Die neue Akzo Nobel-Anlage zur Entbromung von Chlor.
(Bild: Akzo Nobel)

Bitterfeld-Wolfen – Im Bitterfelder Werk stellt Akzo Nobel Chlor, Natronlauge und Wasserstoff her, die zu einem großen Teil per Pipeline an Kunden im Chemiepark geliefert werden. In der Produktion wird Salzsole aus unterirdischen Kavernen bei Bernburg verarbeitet, sie fließt direkt über eine Rohrleitung in die Anlage.

Mit dem Bau der neuen Anlage reagierte das Unternehmen auf eine entsprechende Anforderung seiner Kunden: Die neue Anlage eliminiert Brom aus dem Produktionsprozess, ein Element, das sich üblicherweise auch im Endprodukt Chlor wiederfindet.

Wichtiger Standortfaktor

Sachsen-Anhalts Ministerpräsident Dr. Reiner Haseloff war bei der Einweihung auch vor Ort und unterstrich die Bedeutung des Unternehmens für den Chemiepark hervor. Im Jahr 2002 habe Akzo Nobel die Chlorproduktion in Bitterfeld-Wolfen vollständig übernommen wurde und seitdem die d die Jahreskapazität von ursprünglich 75 000 t auf heute fast 100 000 t erweitert.

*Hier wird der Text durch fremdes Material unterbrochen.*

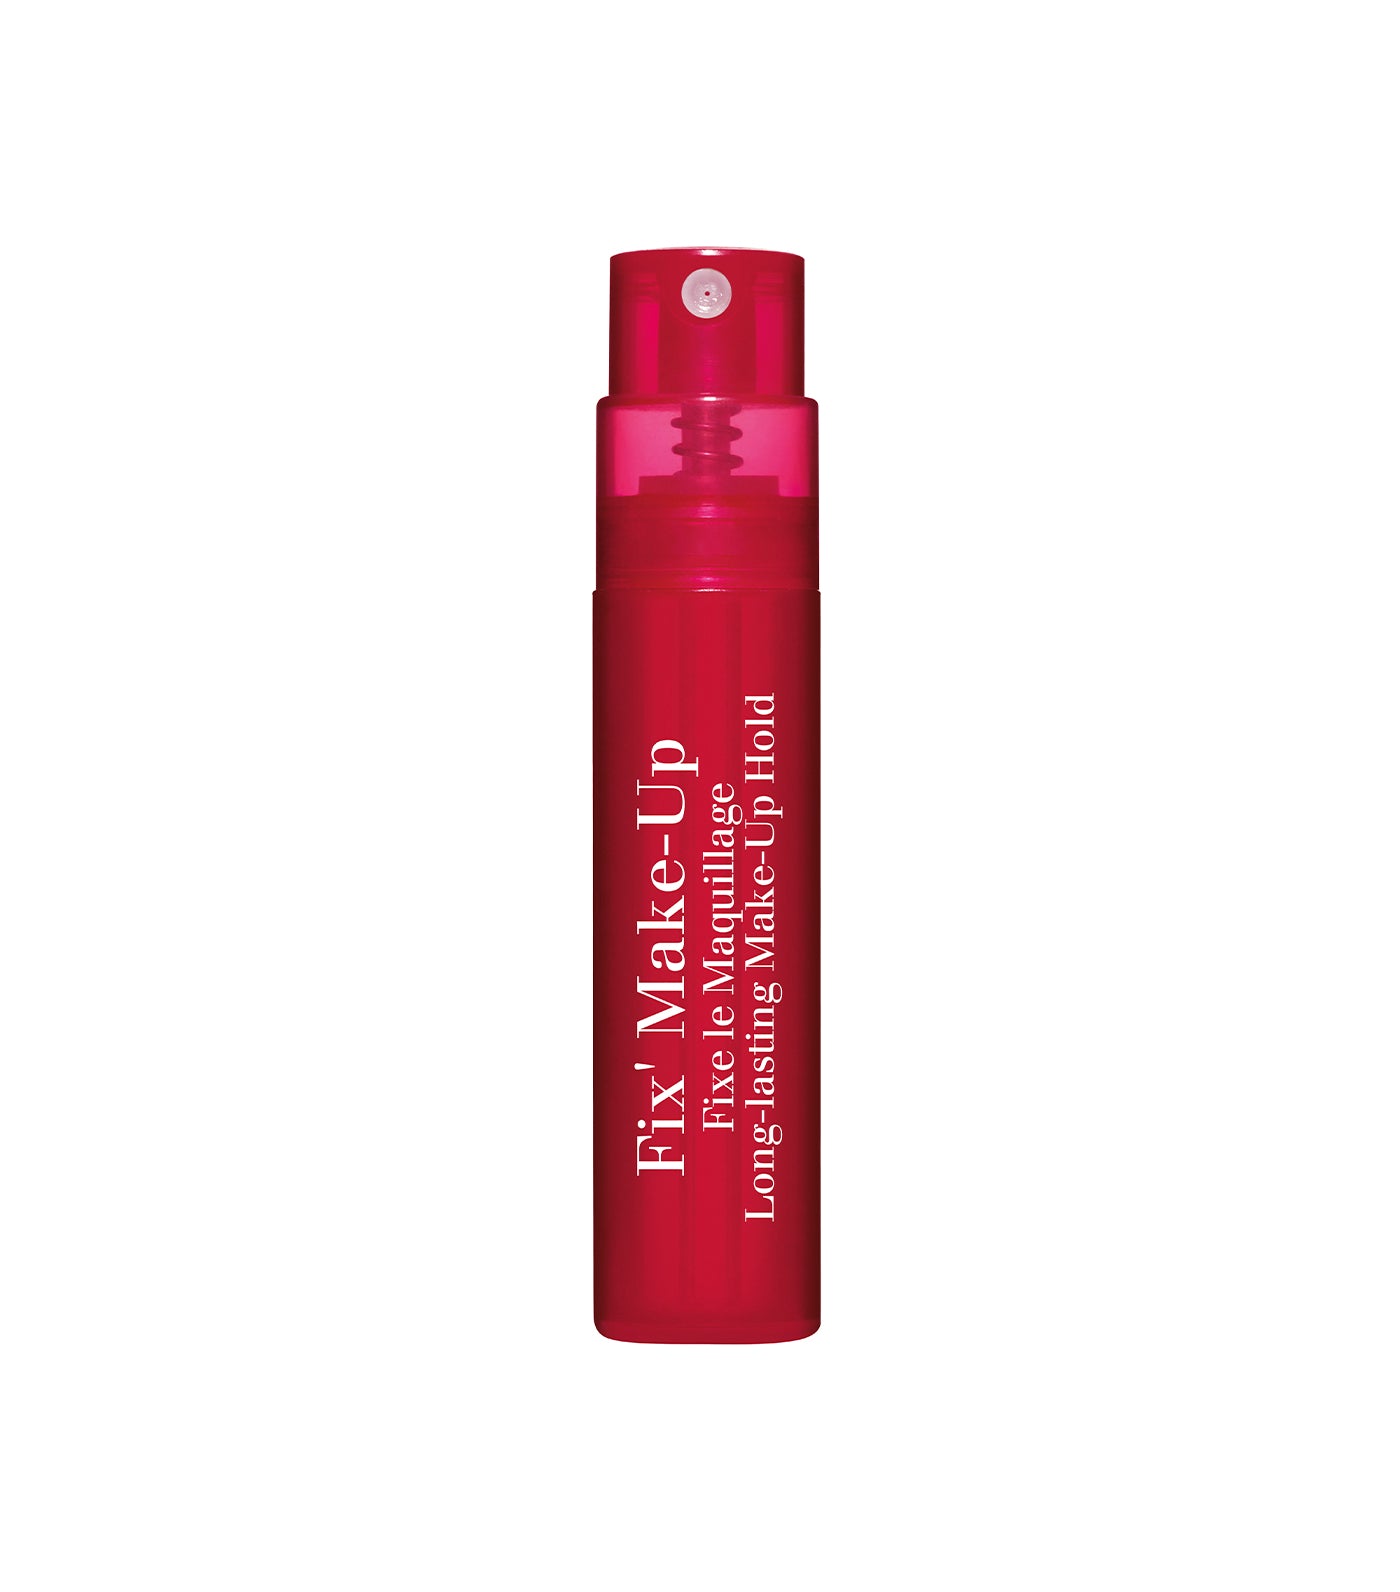 Clarins Complimentary Mini Fix' Make-Up Spray

Die Chlorproduktion in Bitterfeld-Wolfen stehe am Anfang der Produktionskette im Chemiepark, jede Stärkung der Chlorproduktion komme damit automatisch auch den anderen Unternehmen hier zugute.

„Wir wollen für unsere Kunden beste Produkte und Dienstleistungen liefern. Eine Investition in die Entbromunganlage war deshalb nur folgerichtig“, sagte Jürgen Baune, der bei Akzo Nobel für das Chlor-Alkali-Geschäft verantwortlich ist. Er hob das gute wirtschaftliche Umfeld hervor. „Dank der ständigen Effizienzsteigerung und ihren ausgezeichneten Umweltstandards ist die Anlage ein gutes Beispiel für Akzo Nobels Planet Possible Strategie, die darauf abzielt, Ressourcen zu sparen, d.h. mit weniger mehr zu machen. Neben der sehr positiven Einstellung der Region zur Chemie sind unsere qualifizierten und hoch engagierten Mitarbeiter und Mitarbeiterinnen ein weiterer positiver Standortfaktor: Sie sind gut ausgebildet, leistungsbereit und äußerst verlässlich. Das hat die Entscheidung für die Investition sehr unterstützt.“

Stefan Kauerauf, Werkleiter in Bitterfeld, lobt die stringente Projektleitung: „Von der Entscheidung zum Bau der Entbromung bis zur vollständigen Fertigstellung und Inbetriebnahme hat es fast genau zwei Jahre gedauert. Alles lief nach Plan und wir haben den Umbau zum Großteil mit unseren eigenen Mitarbeitern und bei laufendem Betrieb gestemmt. “.